Here are some of the possible pitfalls I can think of...
?? Maybe the existing chip set is split across the interface (south bridge is on back plane?) - would be difficult to mate that up to a modern chip set if so.
?? The existing CPU tray may have proprietary glue logic chips on it.
?? Apple stores low level driver code in a proprietary flash, I've heard; is that on the CPU tray board (probably)?
?? The iMac Pro uses Apple-specific SKU models of the Xeon-W's; would the more generalized Xeon-W processors available to the public work? The hackintosh community probably know the answer to this.
?? The signals that go across the connector are mostly standard, but can't run at higher speed due to circuit length / signal integrity limitations?
?? The system management controller circuitry is incompatible with a later chip set, or can't be easily reverse engineered to connect to later chip sets?
?? Who would have the necessary engineering tools for simulation and layout of cutting edge circuitry?
?? Who in the community has anything close to the level of engineering knowledge for such a project? Anyone know any retired Apple engineers with a fondness for classic Mac Pro's?
?? Would macOS expect to find a T2 chip in any design that uses the same processor as an iMac Pro?

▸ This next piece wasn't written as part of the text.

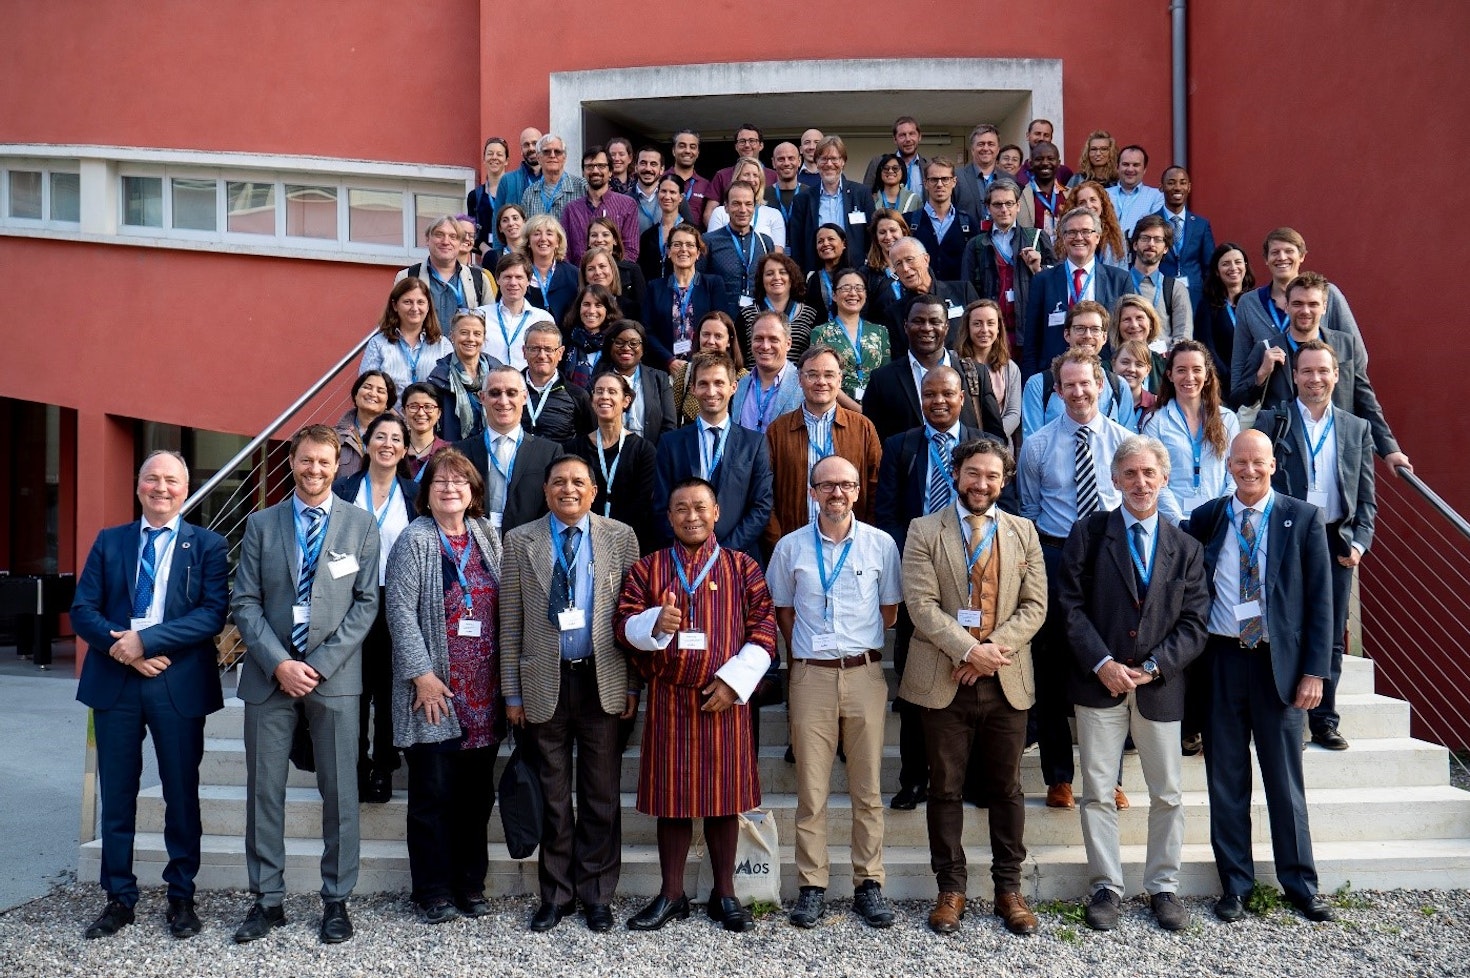 Vom 17. bis 19. Oktober 2018 veranstaltete Eurac Research den GLOMOS Kick-off Workshop, eine internationale Konferenz mit 150 Experten aus Forschung, Praxis und UN-Vertretung. Der Workshop befasste sich mit dem Thema "Global Mountain Safeguard Research".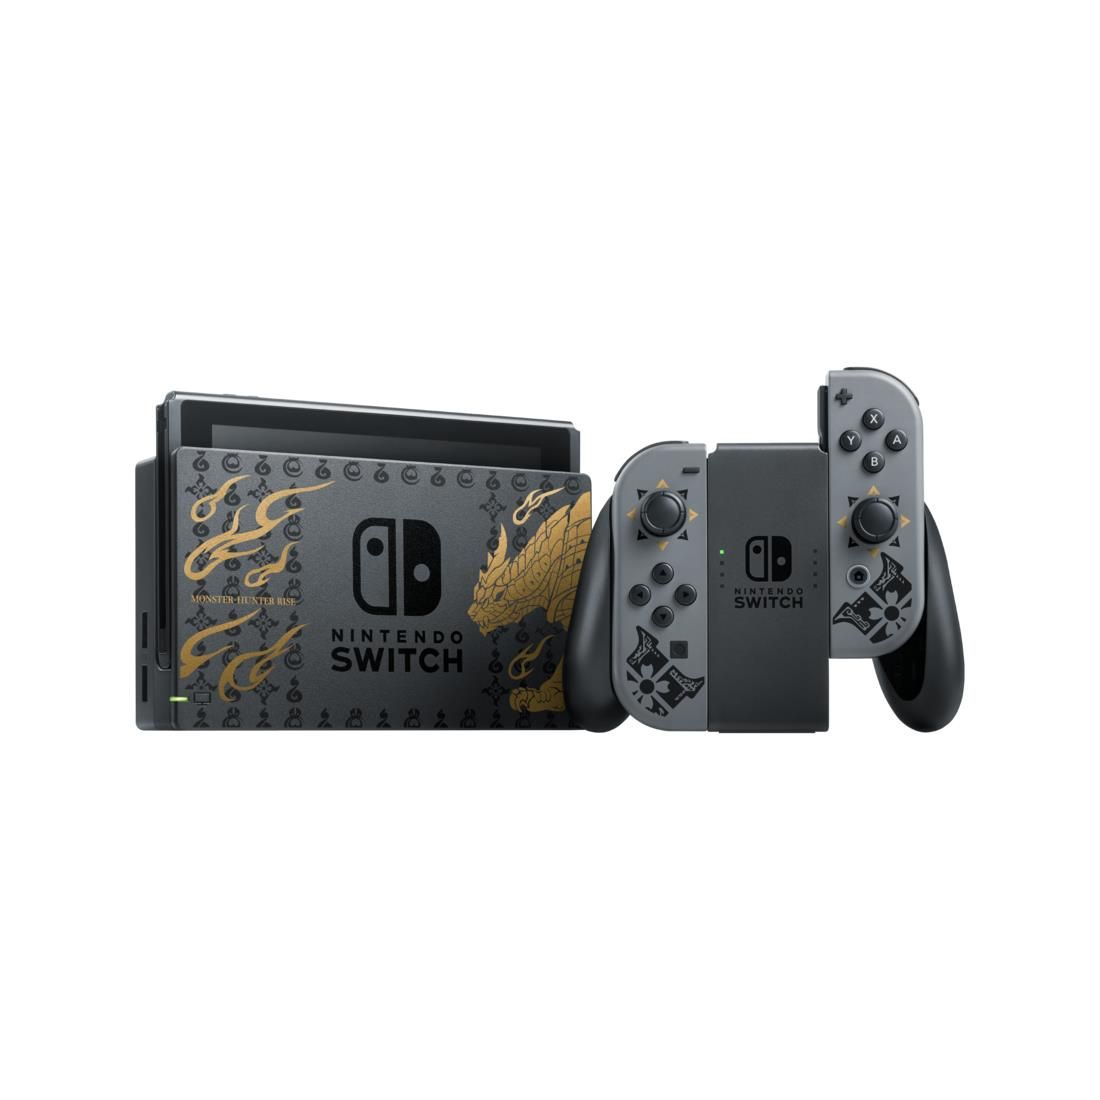 Nintendo Switch Edizione Speciale

?? The process is possibly do-able, but would take so long when done by volunteers that the result would be obsolete by the time it was done.
Process
The whole process of creating such a board would take super-specialized knowledge: identify all the chips on the current CPU tray, come up with a physical model for the mounting points of the board and the heat sink, reverse engineer the current 5,1 circuitry (compare to vintage reference designs from Intel?), figure out all the signals on the connector, come up with a schematic for the later chip set that sends equivalent signals out on the connector (convince Intel to release reference design after signing a zillion NDAs?), lay out the new design, test and measure signal margins, iterate to fix bugs, set up a supply chain, arrange for contract manufacturing of what is probably a small run of a few thousand boards.
Would it make economic sense? How would you structure it to compensate those who would put in hundreds of hours of engineering time? Create a non-profit or a foundation to manage it? Release it all as open source to the community?
OK, shoot me down now. As the great analog electrical engineer Robert Pease used to say, "Show me where it says I (we) can't do this."